A Conference Full of Statements, Empty of Leverage
The two-state solution is being dusted off once again. On Monday, July 28, during a multilateral conference at the UN headquarters in New York, representatives from France, Saudi Arabia, and several Western and Arab states issued the now-ritualistic call for the creation of a Palestinian state alongside Israel. A familiar refrain, offered amid a geopolitical context that renders such declarations more symbolic than strategic.
While Paris and Riyadh co-chaired the event with the declared goal of reviving peace talks, both Israel and the United States lambasted the initiative, calling it untimely and unproductive. In truth, this diplomatic theater seems less about realpolitik and more about reputational maintenance for Western chancelleries increasingly uncomfortable with the moral toll of the Gaza war.

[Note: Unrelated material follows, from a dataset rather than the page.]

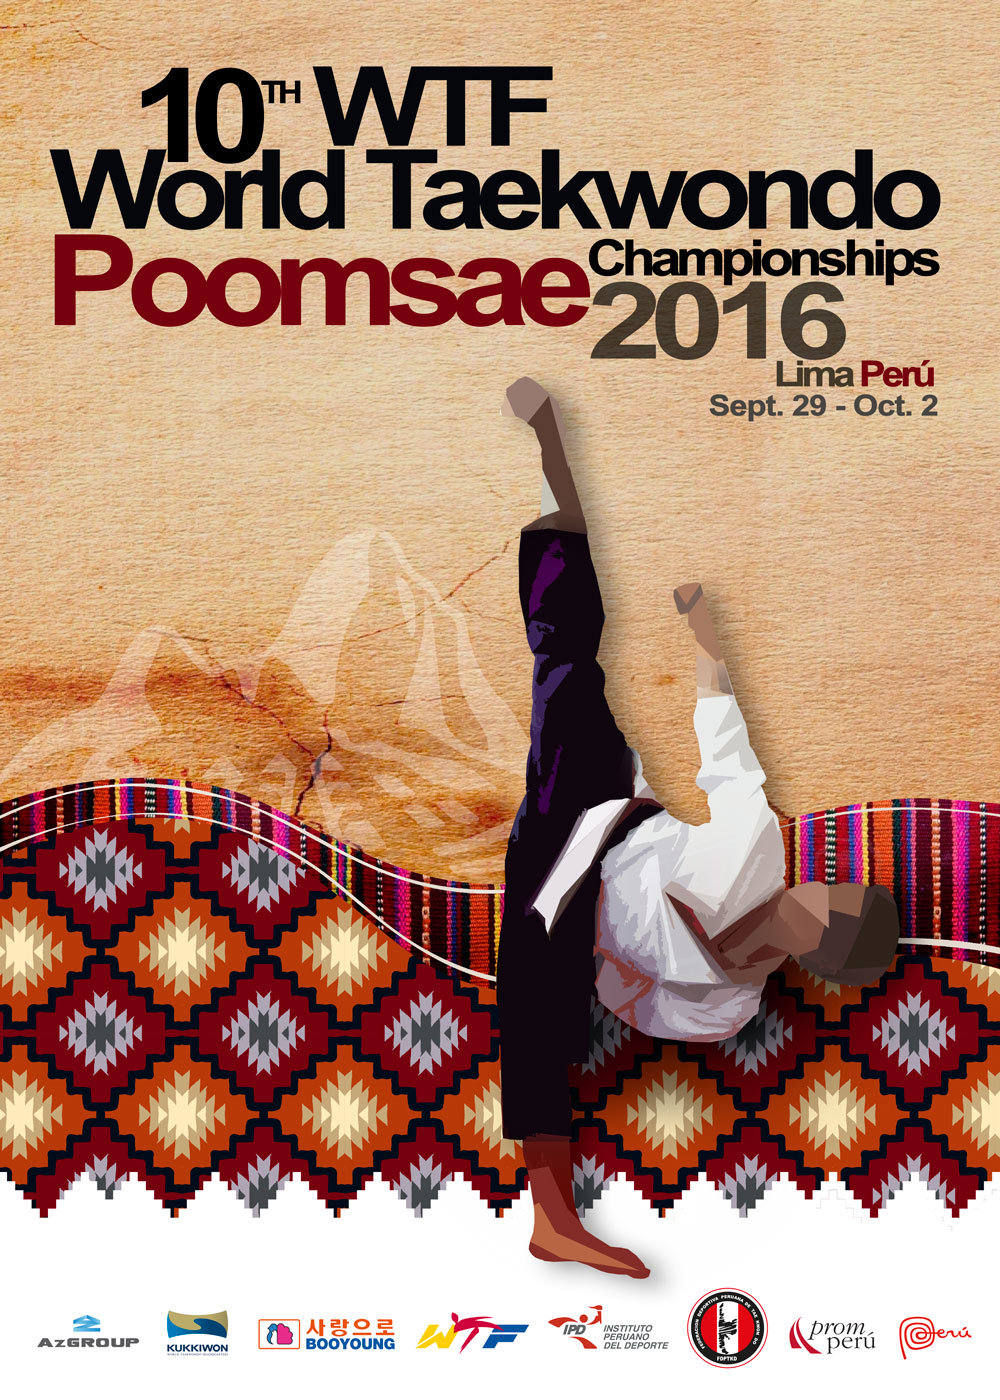 Poster-of-10th-WTF-World-Taekwondo-Poomsae-Championships-2016.jpg

The Mirage of Statehood in the Ruins of Gaza
French Foreign Minister Jean-Noël Barrot, speaking before the Assembly, claimed that the two-state solution is “dying,” while simultaneously insisting that “there is no alternative.” That contradiction alone encapsulates the incoherence of current Western diplomacy: advocating for a political resolution while refusing to confront its primary saboteur.
More than 21 months into the Gaza war, the so-called peace process exists only in the rhetorical void. On the ground, facts accumulate: continued Israeli settlement expansion in the West Bank, open calls from Israeli ministers for full annexation, and an increasingly fragmented Palestinian political leadership. Barrot’s speech, “no ceasefire will hold without a political vision”, sounded more like an admission of helplessness than a diplomatic strategy.

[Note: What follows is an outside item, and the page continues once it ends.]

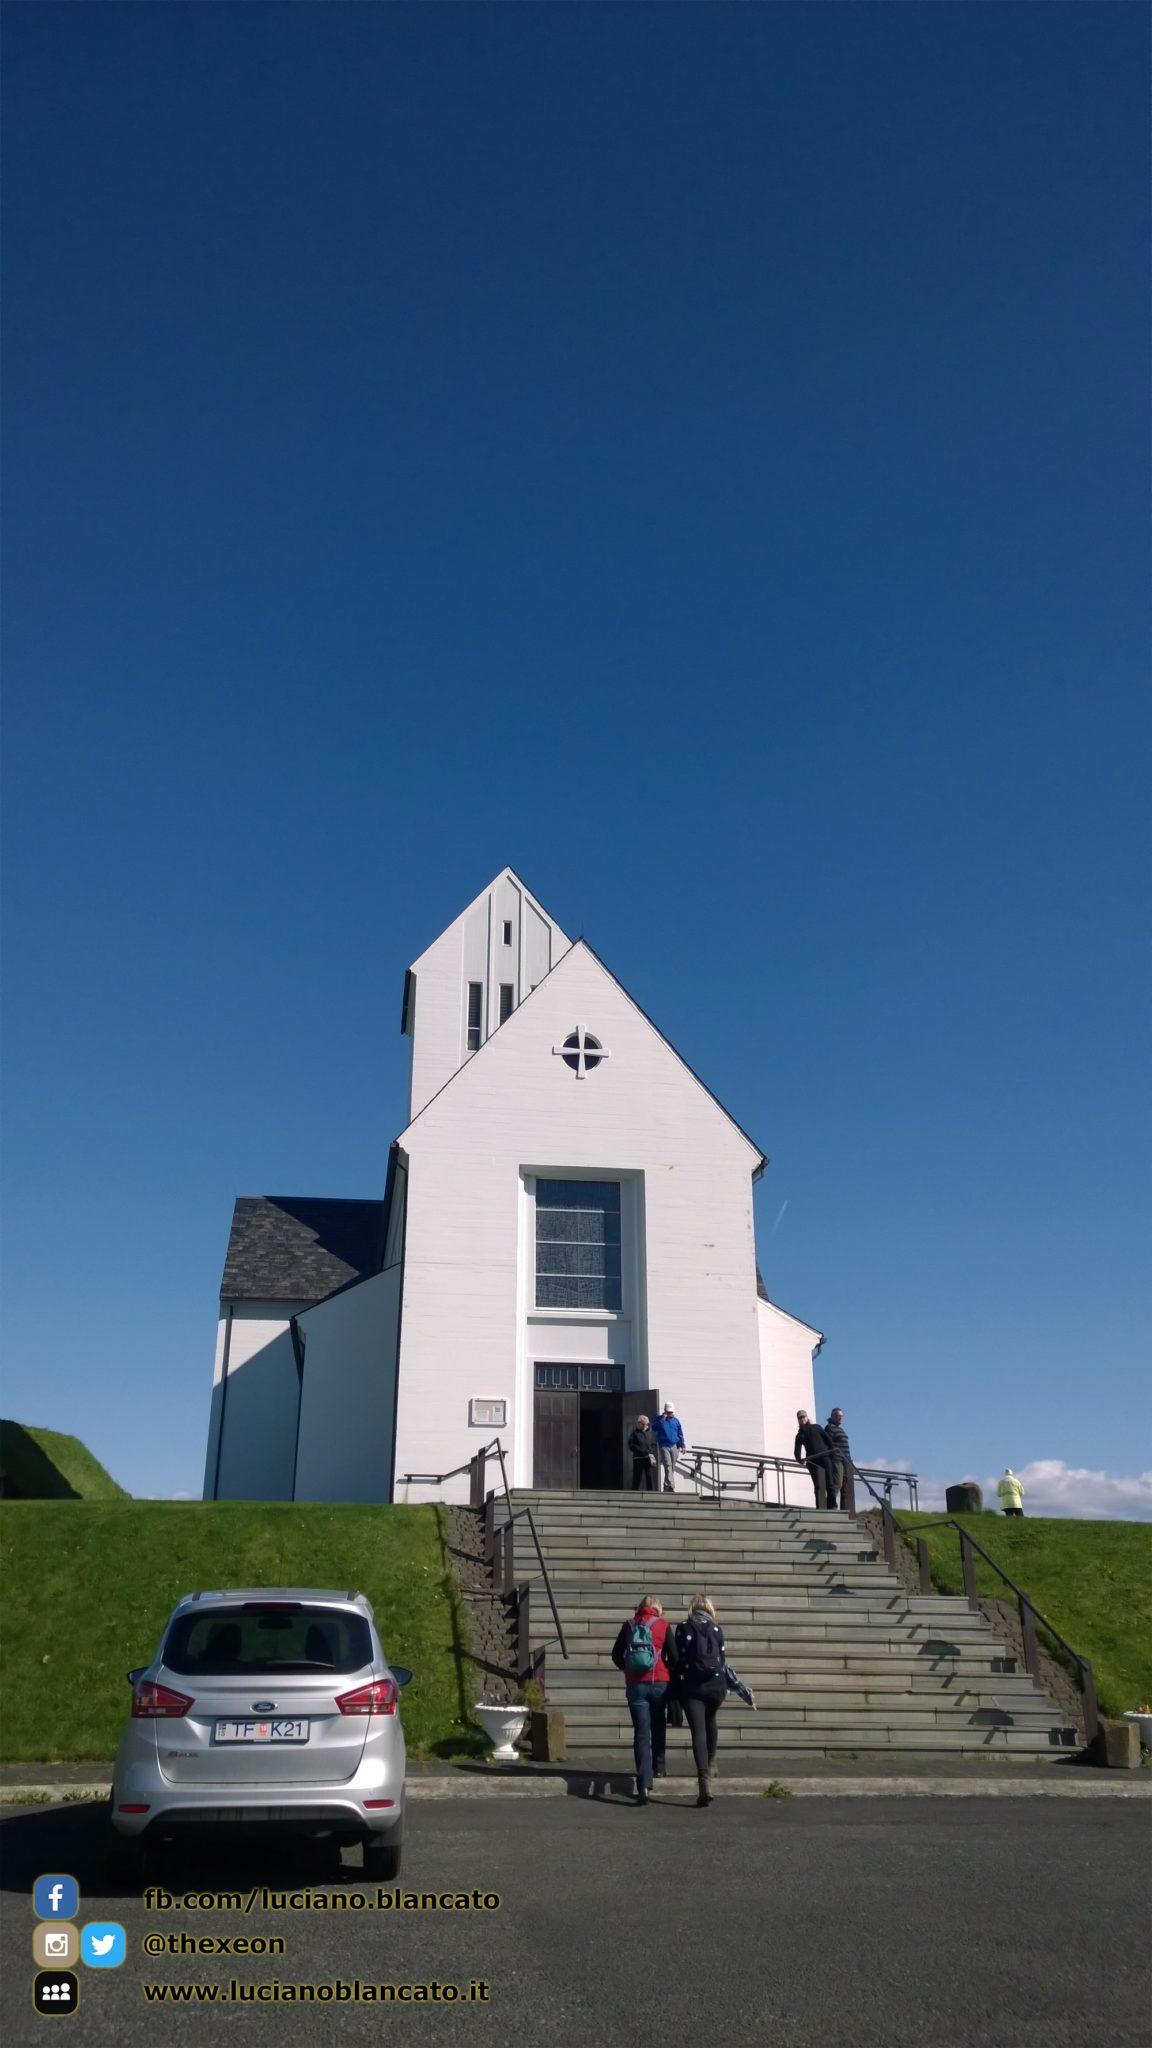 Iceland - paesaggi a nord di Reykjavík - chiesa

US and Israeli Backlash: Business as Usual
The U.S. State Department dismissed the conference as a “publicity stunt,” a telling reaction from an administration more focused on “de-escalation optics” than structural solutions. Washington, once the self-proclaimed guarantor of peace in the Middle East, now operates as little more than a fire marshal who keeps adding gasoline while warning others not to light matches.

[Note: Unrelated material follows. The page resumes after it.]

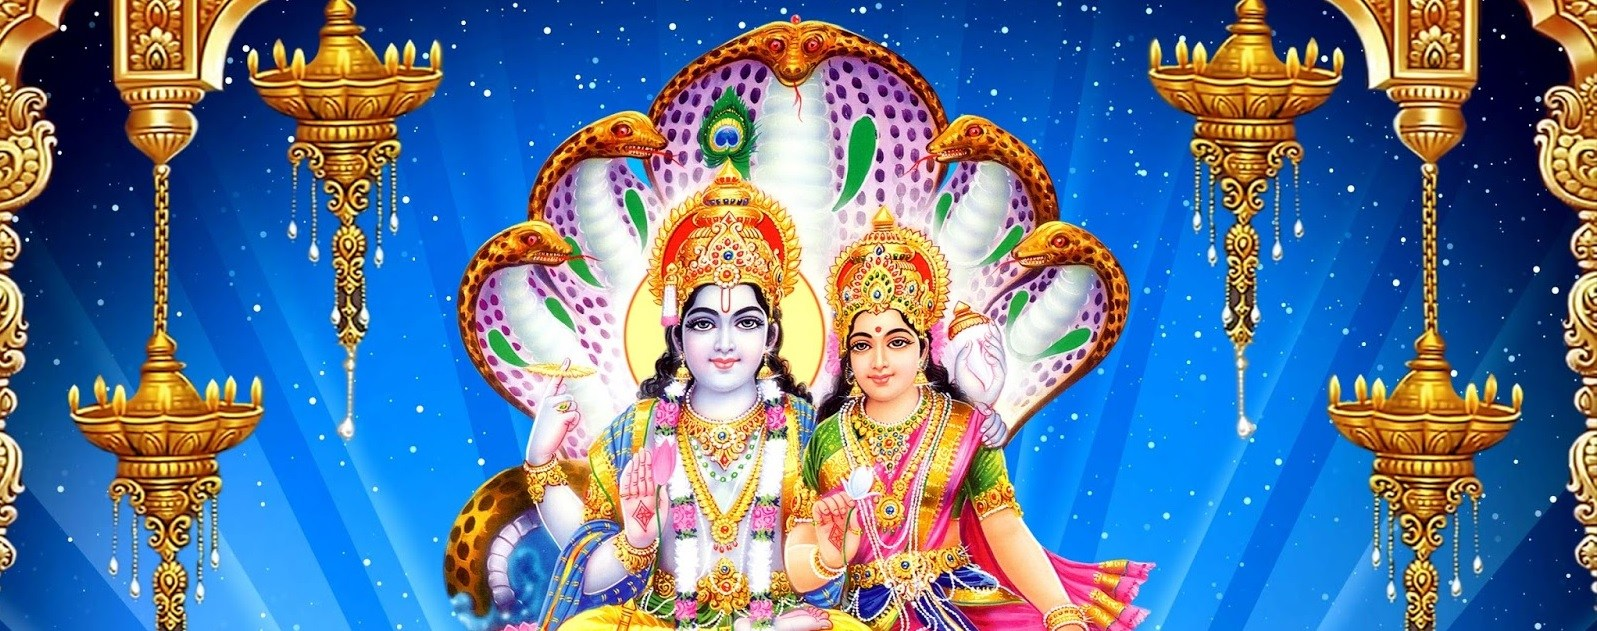 PunjabKesari, Sri Vishnu Lakshmi, Papmochani Ekadashi

Israel, for its part, denounced the initiative as reinforcing a “dangerous illusion.” An illusion, perhaps, but one of their own making. Since 2023, the IDF’s operations have reduced entire neighborhoods of Gaza to rubble, while the political class in Jerusalem flirts with de jure annexation of territory that international law still recognizes as occupied.
Recognition Without Leverage: Europe’s Hollow Gesture
The conference follows French President Emmanuel Macron’s announcement that France would formally recognize a Palestinian state in September, a move presented as bold diplomacy but devoid of any actual mechanism to enforce statehood. Luxembourg may follow. Others hesitate.
This symbolic recognition echoes the UN’s own 1947 resolution proposing a two-state partition, which resulted in the establishment of Israel the following year. But more than 75 years later, the envisioned Palestinian state remains a ghost. Recognition without enforcement is not diplomacy, it is performance.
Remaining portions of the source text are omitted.